Short introduction to Guile
Before getting into simulation code, let me introduce Guile — an extension language, that Virtual testbed uses to configure and run simulations. Guile is Turing-complete high-level functional programming language, an implementation of Scheme (a dialect of Lisp) that inherits its simple syntax and homoiconicity. This language puts Virtual testbed solvers at your fingertips and makes it easy to write, share and reproduce simulations. The introductory tutorial for Guile can be found in the manual.
Virtual testbed uses the following conventions for Guile procedures.
To get documentation for a particular procedure type help NAME in the console or look for it in reference manual.
Your first simulation
The aforementioned convetions are best understood by reading real simulation code. In our first simulation we import ship hull geometry from the file, make testbed using this geometry and perform several simulation steps.
(use-modules (ice-9 format))
(define hull (import-hull "aurora.bsp")) ;; import <hull> from the file
(define ship (make-ship #:hull hull)) ;; create <ship> object using the imported hull
(define vtb (make-testbed #:ship ship)) ;; make <testbed> object
(format #t "Mass: ~akg\n" (ship-mass ship)) ;; print ship mass
(format #t "Grid: ~a\n" (testbed-grid vtb)) ;; print simulation grid
(for-each
(lambda (i) (testbed-step! vtb 0.1))
(iota 10)) ;; perform ten 0.1s simulation steps
(format #t "t: ~,2f\n" (testbed-time-instant vtb)) ;; print the current simulation time instant
(format #t "Grid: ~a\n" (testbed-grid vtb)) ;; print simulation grid
Save this code to file named sim1.scm and run it with vtestbed(1) command: $ vtestbed sim1.scm
Mass: 6257192.5kg
Grid: from (-1,-100,-100,-100) to (0,100,100,2) start (0,0,0,0) end (3,128,128,64)
t: 0.90
The output shows that the mass of the ship is 6257 tonnes, the simulation grid goes from -100m to 100m for x and y axes, from -100m to 2m for z axis and the first grid dimension is t that is equal to the current time instant. The start and end fields show how many points the grid contains for each dimension.
The main output of the programme is written to statistics.log file in CSV format and can be viewd with any plain text editor. One convenient way of viewing it is to use column(1) command: $ column -t -s, statistics.log
time surge sway heave roll pitch yaw ...
0.1 3.54224e-06 -1.32265e-05 -0.048013 2.91658e-06 -8.2362e-05 -1.3101e-08 ...
0.2 1.39924e-05 -5.20036e-05 -0.188787 1.1432e-05 -0.000328957 -4.66839e-08 ...
0.3 3.04202e-05 -0.00011493 -0.417245 2.52506e-05 -0.000773429 -9.59169e-08 ...
0.4 4.85893e-05 -0.000200662 -0.727931 4.30094e-05 -0.0014764 -1.57831e-07 ...
0.5 6.31021e-05 -0.000308136 -1.11442 6.36482e-05 -0.0024246 -2.21454e-07 ...
0.6 7.05915e-05 -0.000436648 -1.56871 8.91631e-05 -0.00355133 -2.62082e-07 ...
0.7 6.9188e-05 -0.000585286 -2.08136 0.000118082 -0.00479003 -2.80518e-07 ...
0.8 5.69598e-05 -0.000752738 -2.64178 0.000147208 -0.00612078 -2.85791e-07 ...

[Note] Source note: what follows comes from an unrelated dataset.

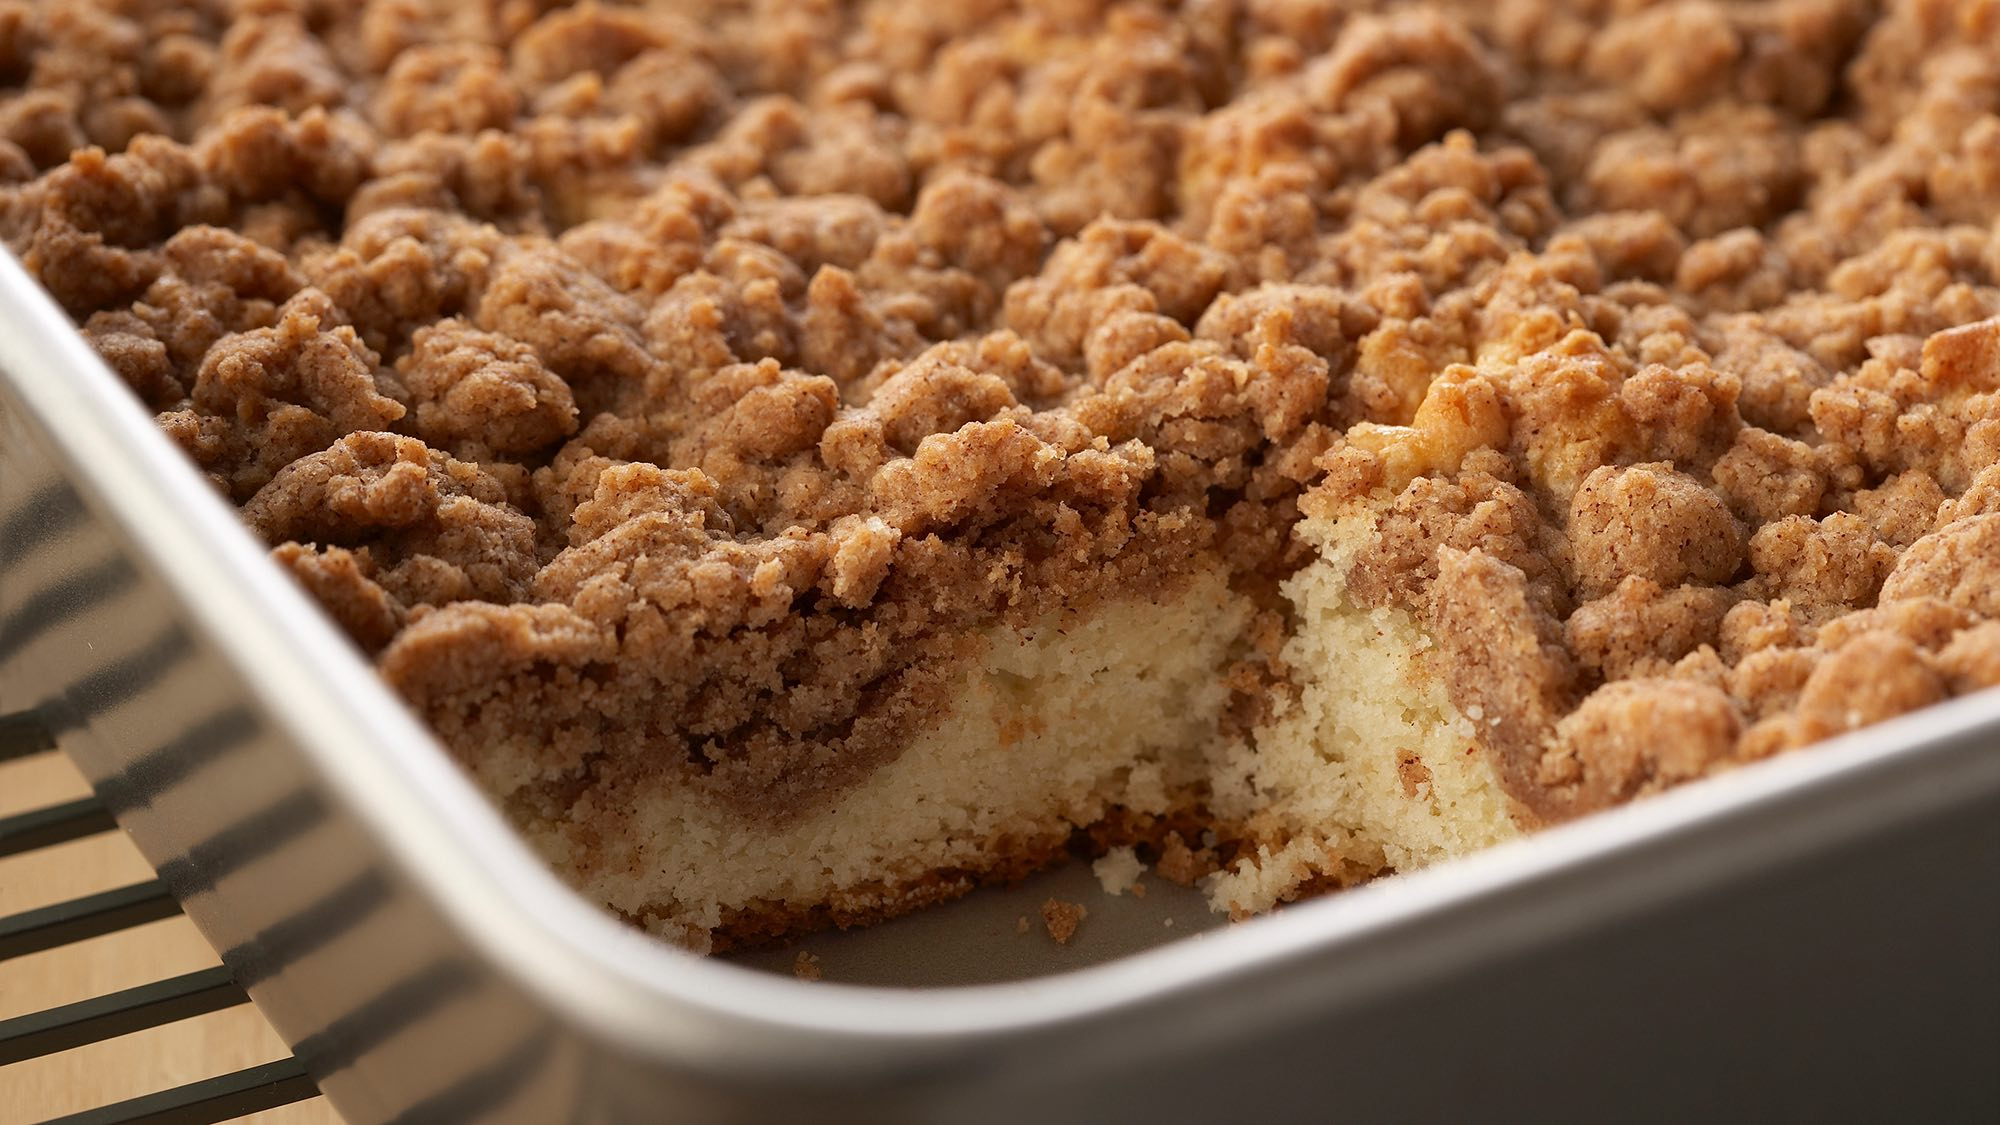 McCormick Cinnamon Crumb Cake

0.9 3.24812e-05 -0.000938089 -3.23836 0.000177267 -0.00750933 -2.60816e-07 ...
1 -4.46021e-06 -0.00114049 -3.85861 0.000209351 -0.00889419 -1.96491e-07 ...
Here only the first 7 columns are shown, and we can see that the only parameter that is not close to nought is heave. This makes sense, because ship initial position is higher that the draught and it submerges until the equilibrium is reached. We can verify our conclusions by visualising the current simulation state with vtestbed-gui(1) command: all we have to do is to add (set-testbed! vtb) to the end of the script and run it. $ vtestbed-gui sim1.scm
After that the window will appear on the screen.